Without glancing at Max, Christine became aware that some of the gaiety had gone from his expression.
“Have you seen my pearls, dear?” she said.
It was a complete answer, so far as Nancy was concerned, for she was one of the women who can never harden herself to the sight of another woman’s jewels.
“How beautiful, love,” she answered. “If they were only a trifle larger they might be mistaken for your old imitation string.” Then feeling that she could never better this, she took her departure.
“Oh, dear,” sighed Christine, “do you think I shall ever get so superior that Nancy can’t tease me when she says things like that?”

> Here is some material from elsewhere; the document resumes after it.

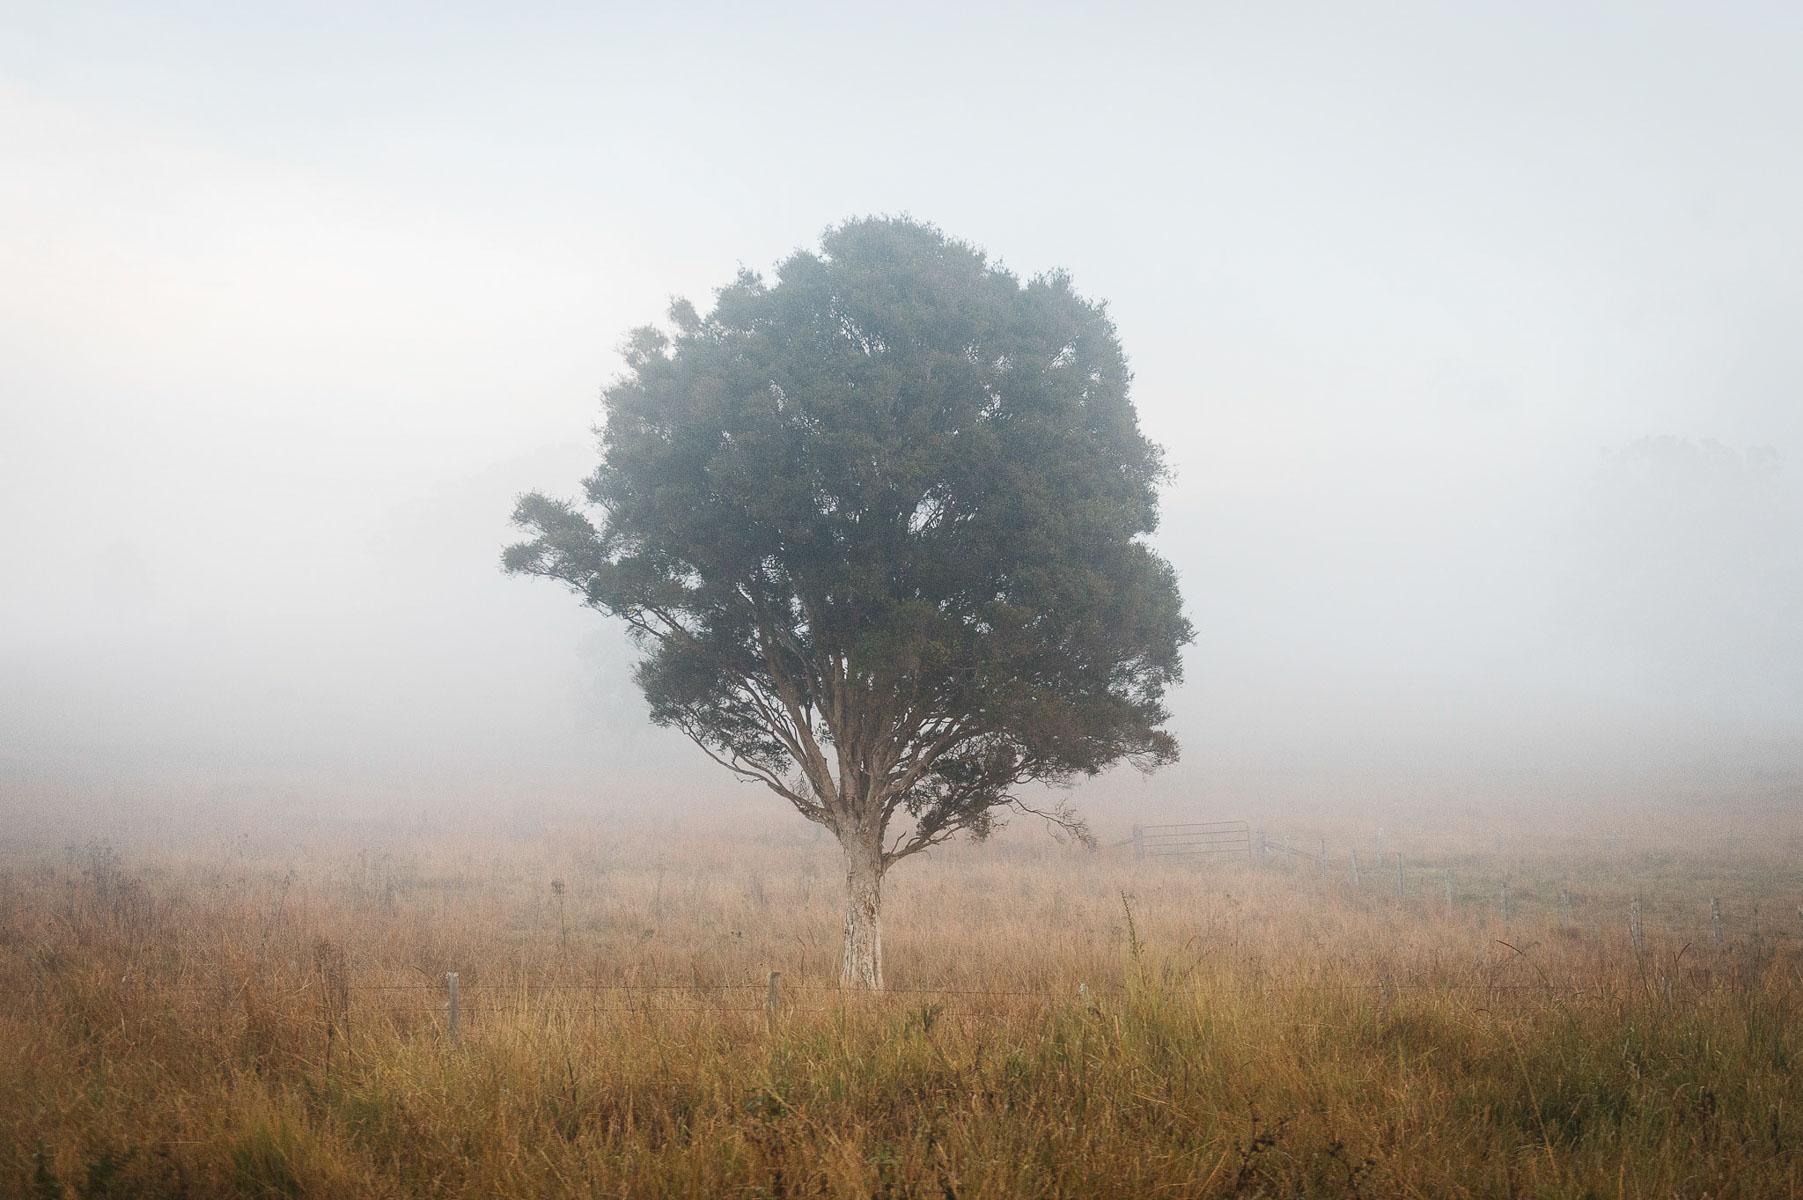 160705-dadsdeath-tree-4459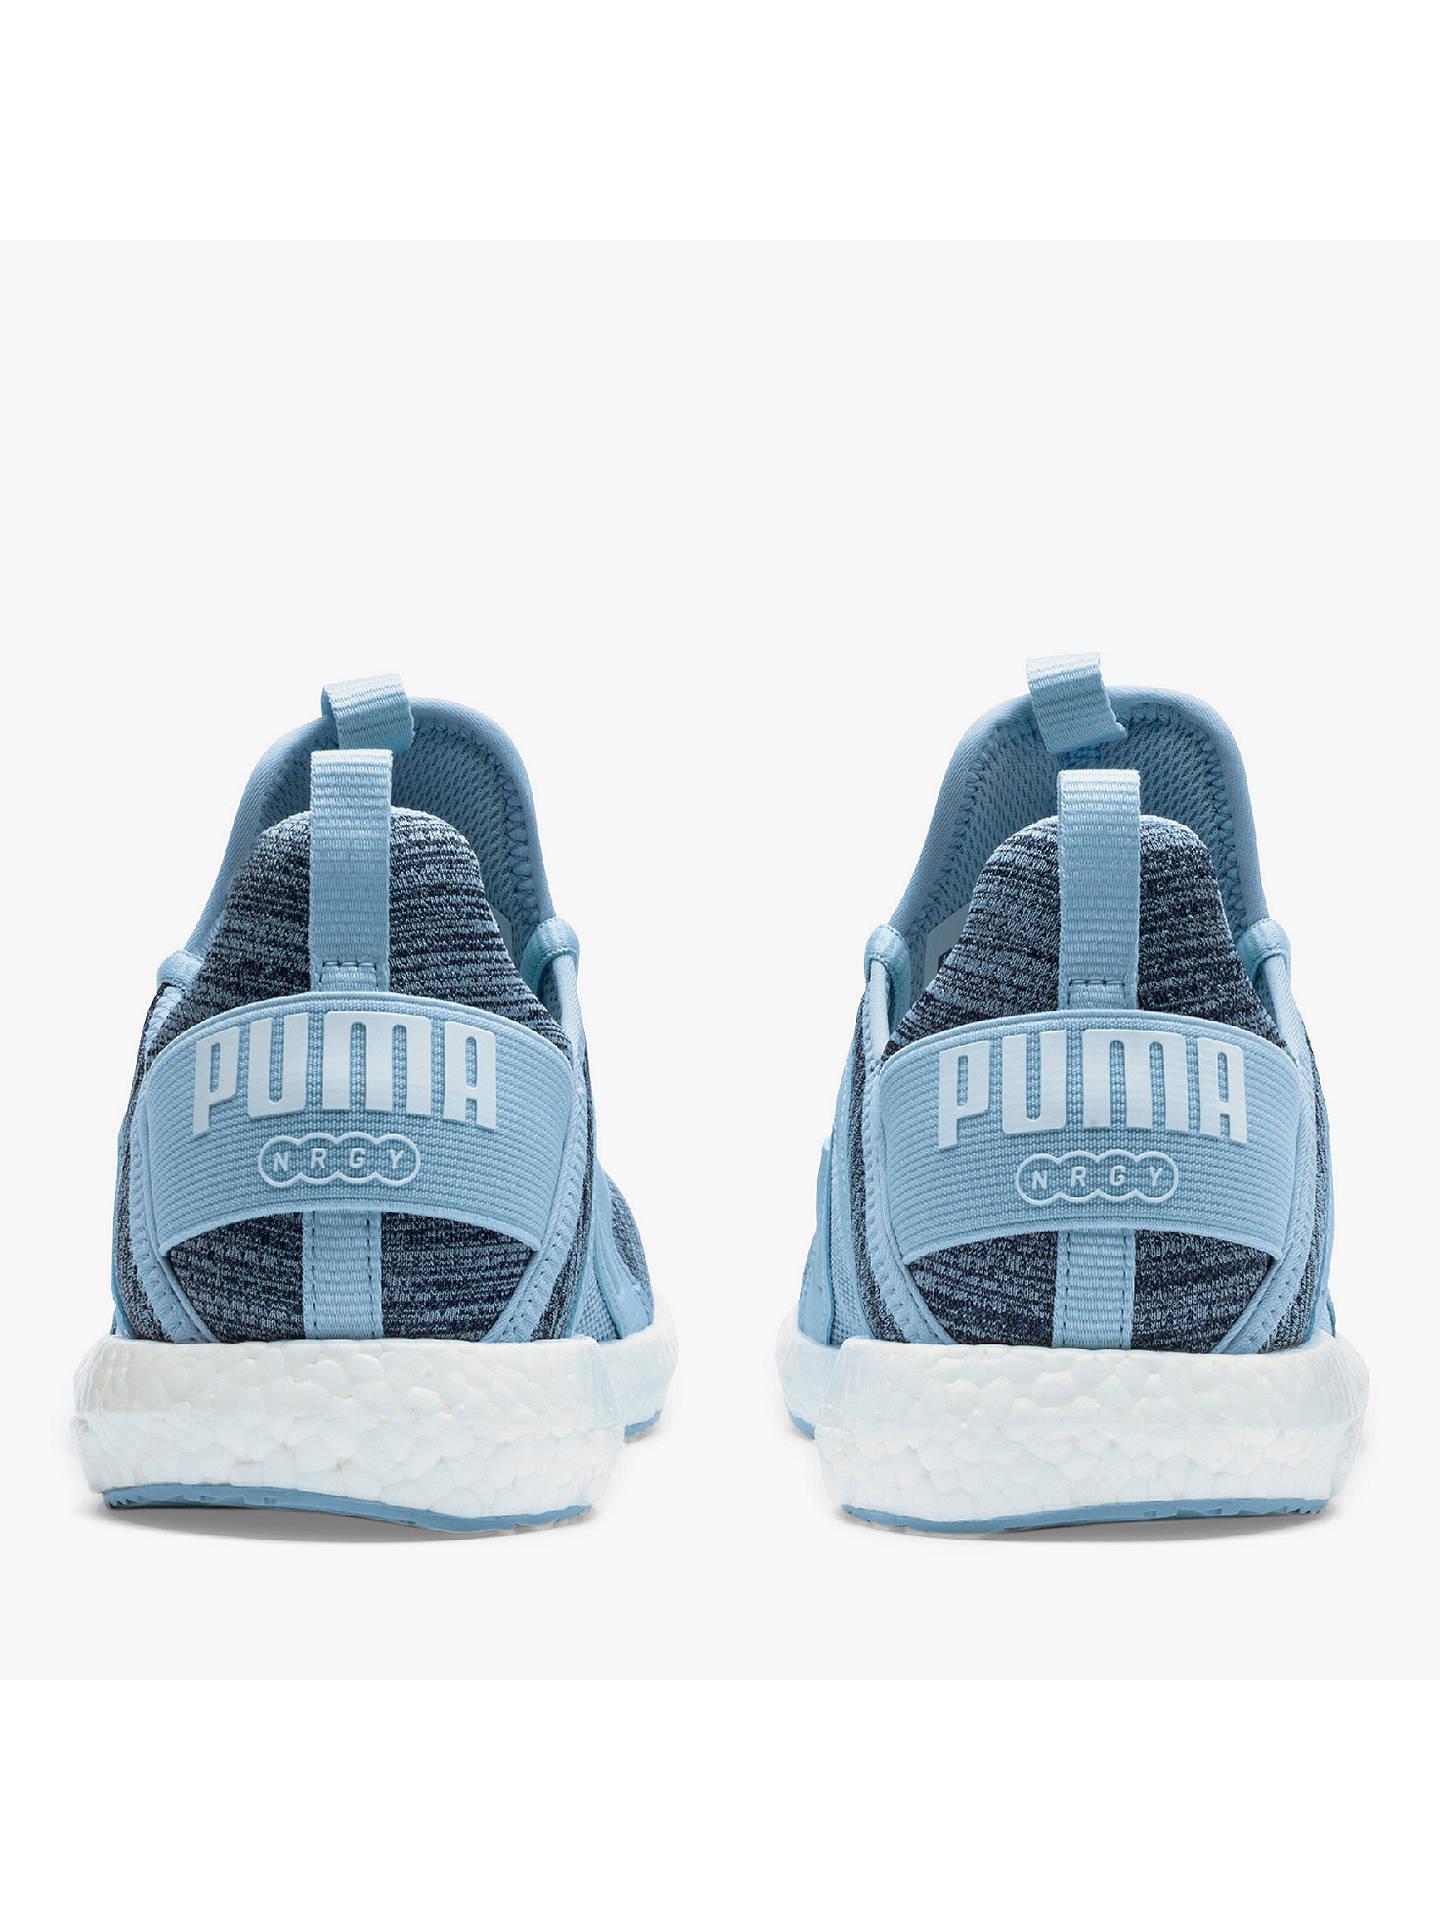 994e6211b PUMA Ignite Flash evoKNIT Women's Running Shoes, Cerulean/Quarry ...

“Did you really cry, Christine?”
“The night you went away?”
“When you first heard of Linburne’s engagement?”
She nodded at him, like a child who would like to lie its way out of a scrape.
“But then I often cry over trifles,” she added.
“Like my going away?”
“Really, Max, you ought to be able to understand why I cried over Lee’s engagement. It was Nancy who brought me the news, and she was so triumphant over it. She said every one would think he had been making a fool of me. You know she has the power of teasing me more than any one in the world—except, perhaps, you.”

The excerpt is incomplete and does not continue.